Notre économie emprunte peu à peu une nouvelle voie, car le cercle vicieux «matières premières-produits-déchets» ne peut se perpétuer éternellement. Des signaux de plus en plus nombreux l’attestent: une transition s’opère vers l’économie circulaire. Celle-ci se concentre sur la prévention des déchets, la réparation et le recyclage, mais aussi sur des services comme la location et le partage de produits. Nous vous présentons six exemples inspirants en Belgique et à l’étranger.

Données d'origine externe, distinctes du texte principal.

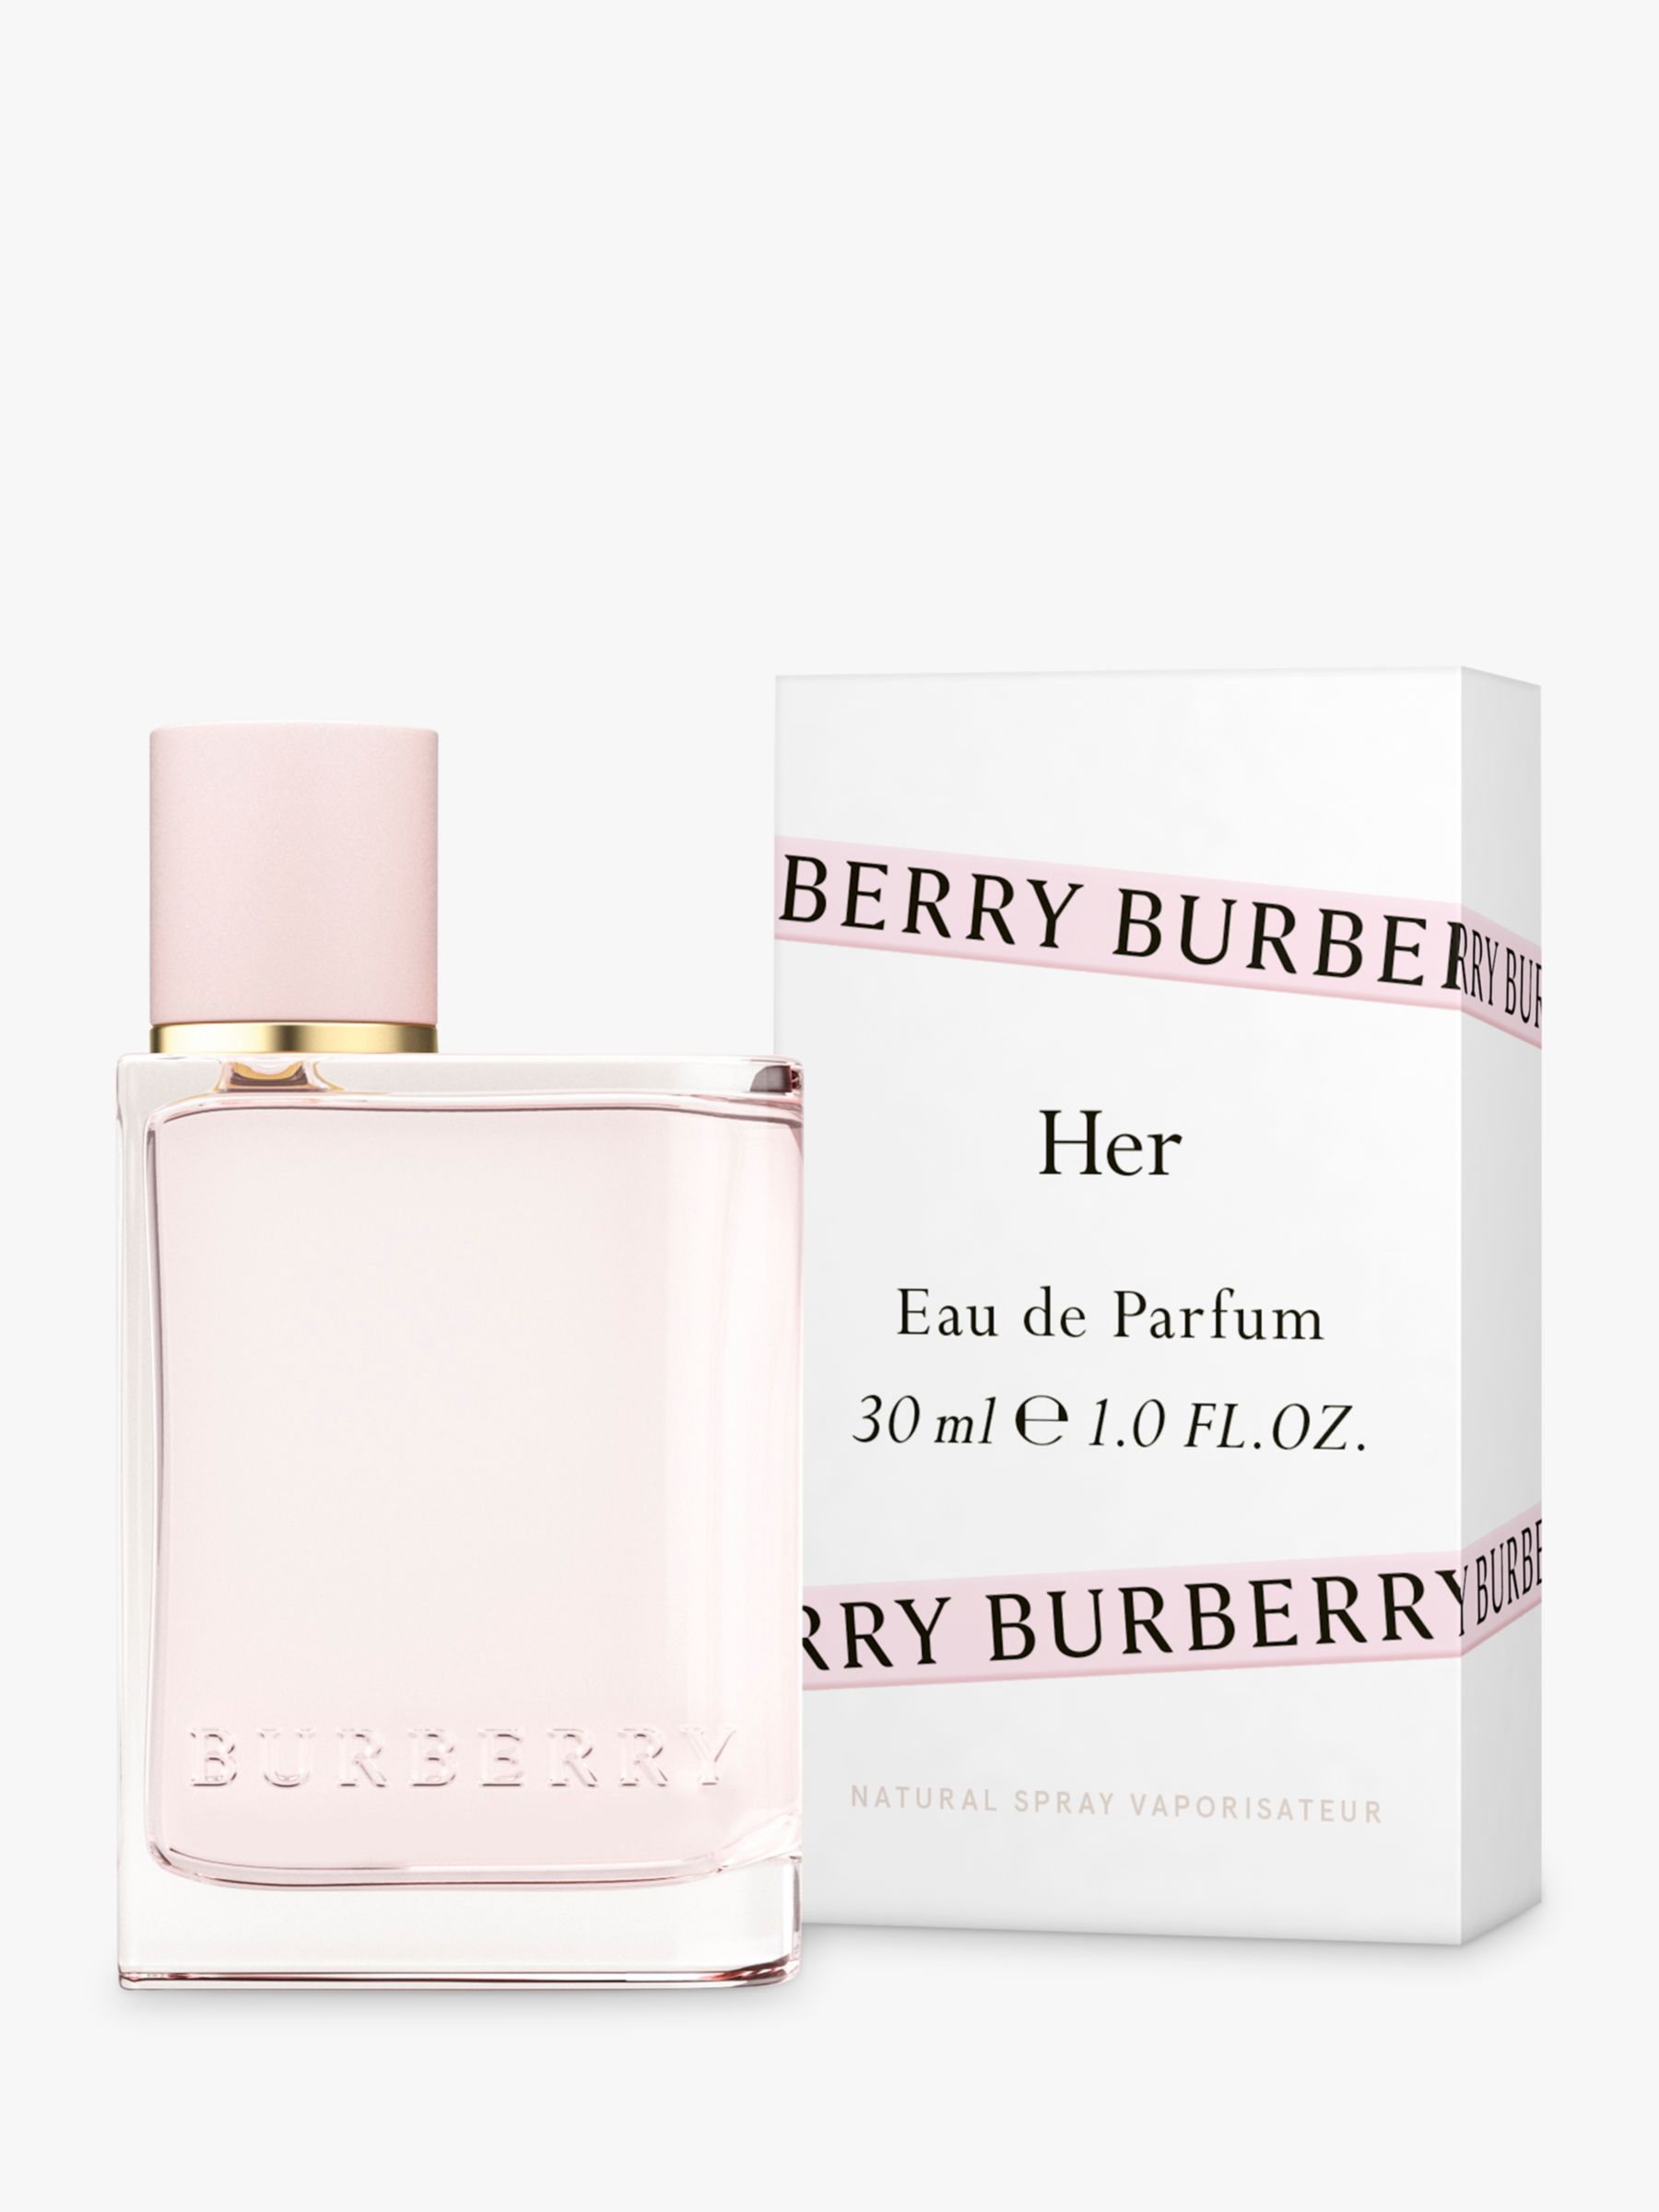 Burberry Her Eau de Parfum at John

1. Transformer les épaves de voiture en énergie

Comet Traitements, spécialiste belge du recyclage, investit 1,1 million d’euros dans une installation-pilote sur son site de Mons, où il distillera du diesel et de l’essence à partir de déchets ultimes. Dès le mois de juin, le système Phoebus, soutenu par le plan Marshall, produira 50 litres de carburant synthétique par heure à partir du traitement de résidus de déchiquetage d’épaves automobiles, d’appareils électriques et électroniques hors d’usage et d’autre ferraille. Ce carburant servira à actionner des moteurs à cogénération, qui produisent à la fois de l’électricité et de la chaleur. Objectif: développer une installation dont la capacité de production couvrirait la consommation électrique de 10.000 ménages wallons.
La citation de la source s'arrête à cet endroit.